Running vbr does not affect active database applications. vbr supports creating backups while concurrently running applications that execute DML statements, including COPY, INSERT, UPDATE, DELETE, and SELECT.

Backup locations and contents

Full and object-level backups reside on backup hosts, the computer systems on which backups and archives are stored.

Vertica saves backups in a specific backup location, the directory on a backup host. This location can contain multiple backups, both full and object-level, including associated archives. The backups are also compatible, allowing you to restore any objects from a full database backup. Backup locations for Eon Mode databases must be on S3.

Before beginning a backup, you must prepare your backup locations using the vbr init task, as in the following example:

$ vbr -t init -c full_backup.ini

For more information about backup locations, see Setting up backup locations.

Backups contain all committed data for the backed-up objects as of the start time of the backup. Backups do not contain uncommitted data or data committed during the backup. Backups do not delay mergeout or load activity.

Backing up HDFS storage locations

If your Vertica cluster uses HDFS storage locations, you must do some additional configuration before you can perform backups. See Requirements for backing up and restoring HDFS storage locations.

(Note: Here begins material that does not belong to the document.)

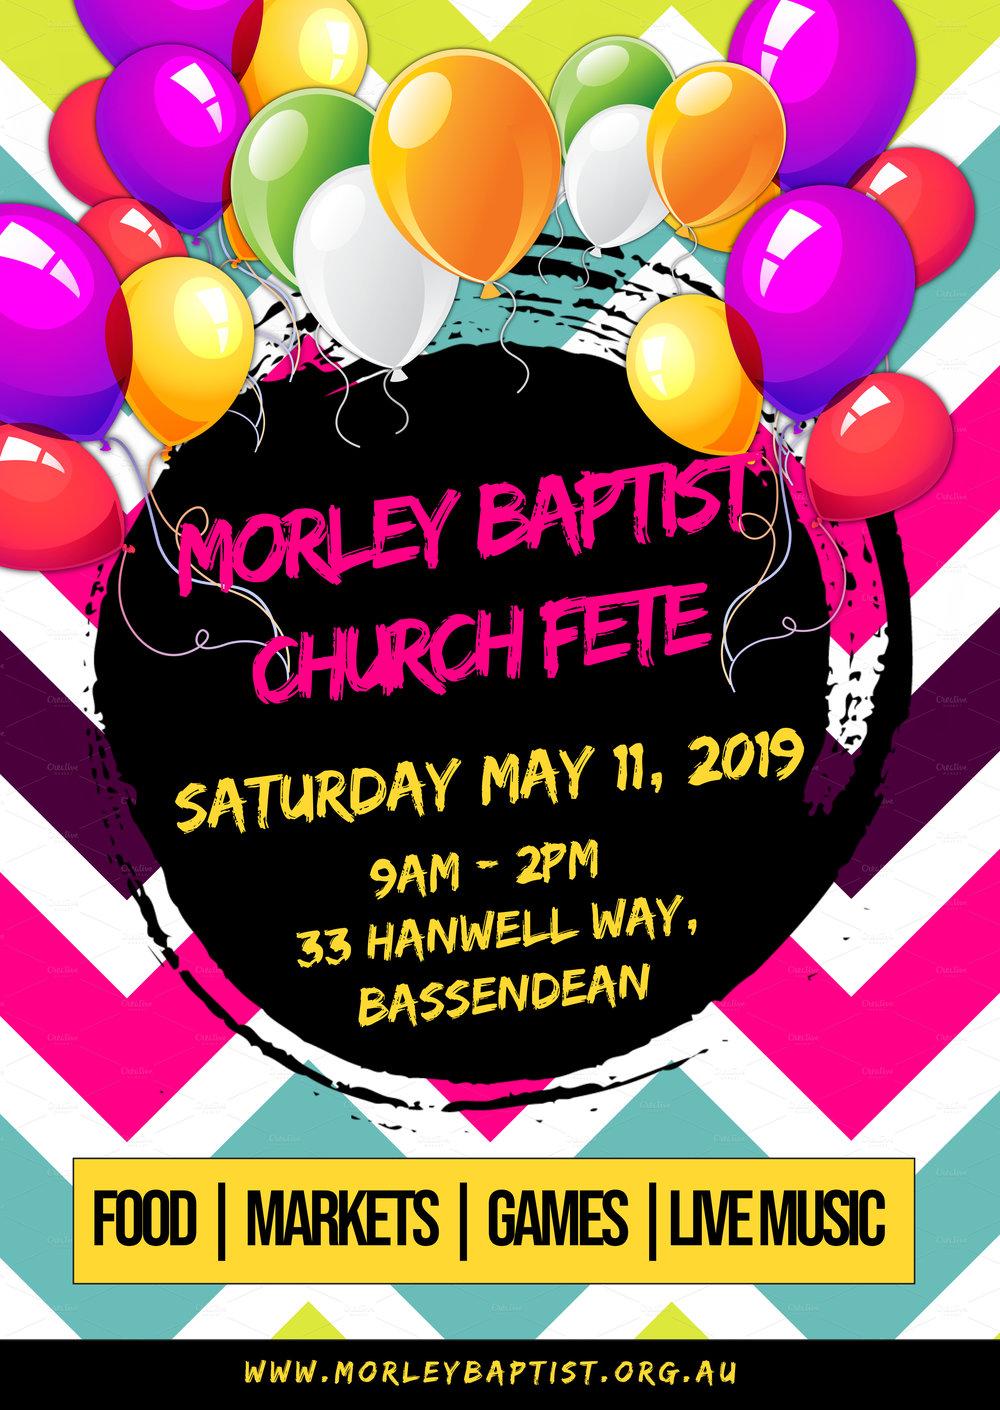 Church Fete Flyer 2019.jpg

HDFS storage locations support only full backup and restore. You cannot perform object backup or restore on a cluster that uses HDFS storage locations.

Impact of backups on Vertica nodes

While a backup is taking place, the backup process can consume additional storage. The amount of space consumed depends on the size of your catalog and any objects that you drop during the backup. The backup process releases this storage when the backup is complete.

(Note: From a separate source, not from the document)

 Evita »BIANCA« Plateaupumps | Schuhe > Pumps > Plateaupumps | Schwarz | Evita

Best practices for creating backups

When creating backup configuration files:

  • Create separate configuration files to create full and object-level backups.

  • Use a unique snapshot name in each configuration file.

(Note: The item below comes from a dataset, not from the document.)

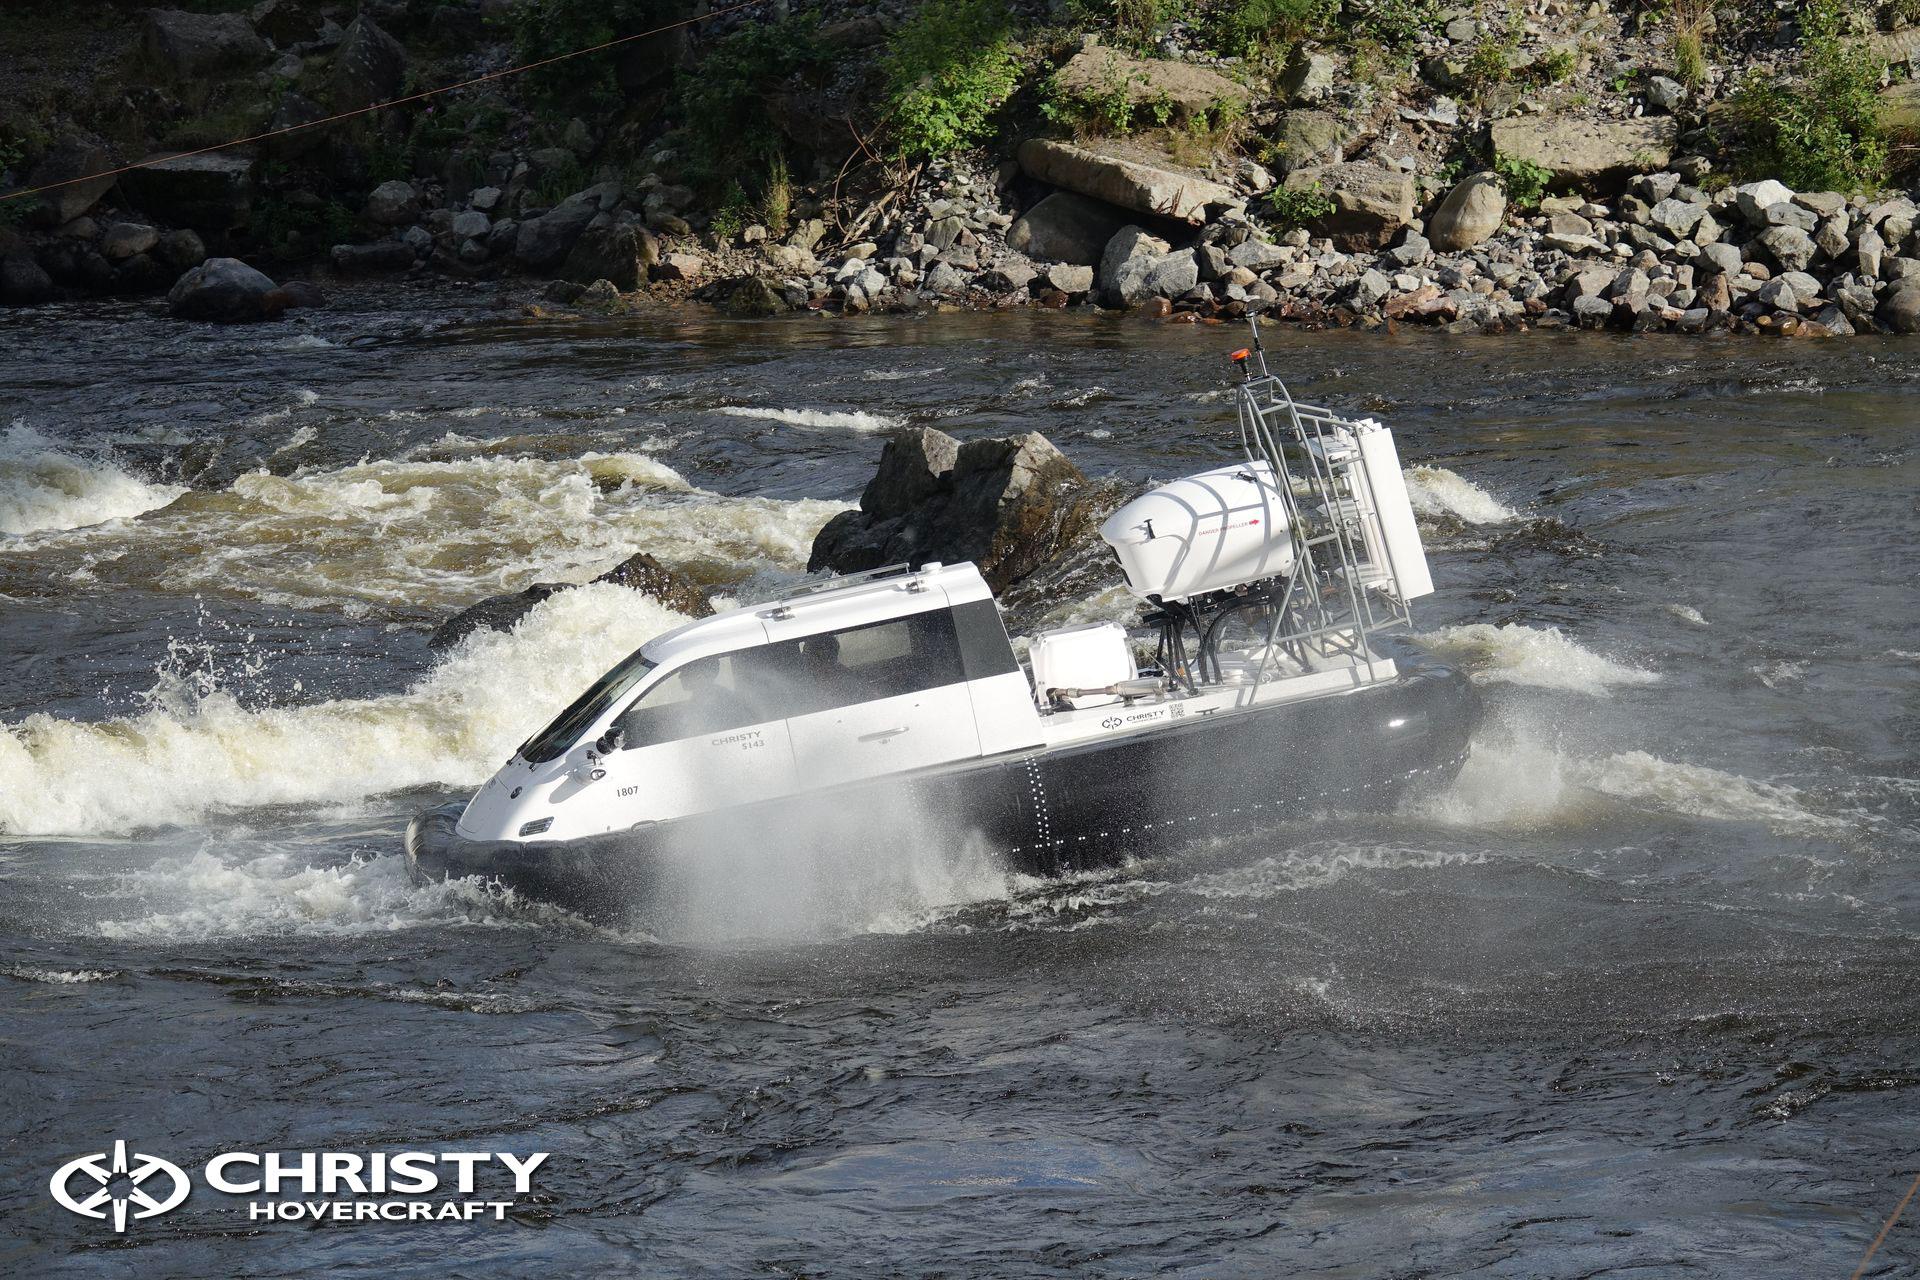 Hovercraft-Christy-5146-FC-28.jpg | фото №26

  • Use the same backup host directory location for both kinds of backups:

    • Because the backups share disk space, they are compatible when performing a restore.

    • Each cluster node must also use the same directory location on its designated backup host.

  • For best network performance, use one backup host per cluster node.

  • Use one directory on each backup node to store successive backups.

  • For future reference, append the major Vertica version number to the configuration file name (mybackup9x).

The selected objects of a backup can include one or more schemas or tables, or a combination of both. For example, you can include schema S1 and tables T1 and T2 in an object-level backup. Multiple backups can be combined into a single backup. A schema-level backup can be integrated with a database backup (and a table backup integrated with a schema-level backup, and so on).

1 - Types of backups

vbr supports the following kinds of backups:.

vbr supports the following kinds of backups:

The vbr configuration file includes the snapshotName parameter. Use different snapshot names for different types of backups, including different combinations of objects in object-level backups. Backups with the same snapshot name form a time sequence limited by restorePointLimit,. Avoid giving all backups the same snapshot name; otherwise, they eventually interfere with each other.

Full backups

A full backup is a complete copy of the database catalog, its schemas, tables, and other objects. This type of backup provides a consistent image of the database at the time the backup occurred. You can use a full backup for disaster recovery to restore a damaged or incomplete database. You can also restore individual objects from a full backup.

When a full backup already exists, vbr performs incremental backups, whose scope is confined to data that is new or changed since the last full backup occurred. You can specify the number of historical backups to keep.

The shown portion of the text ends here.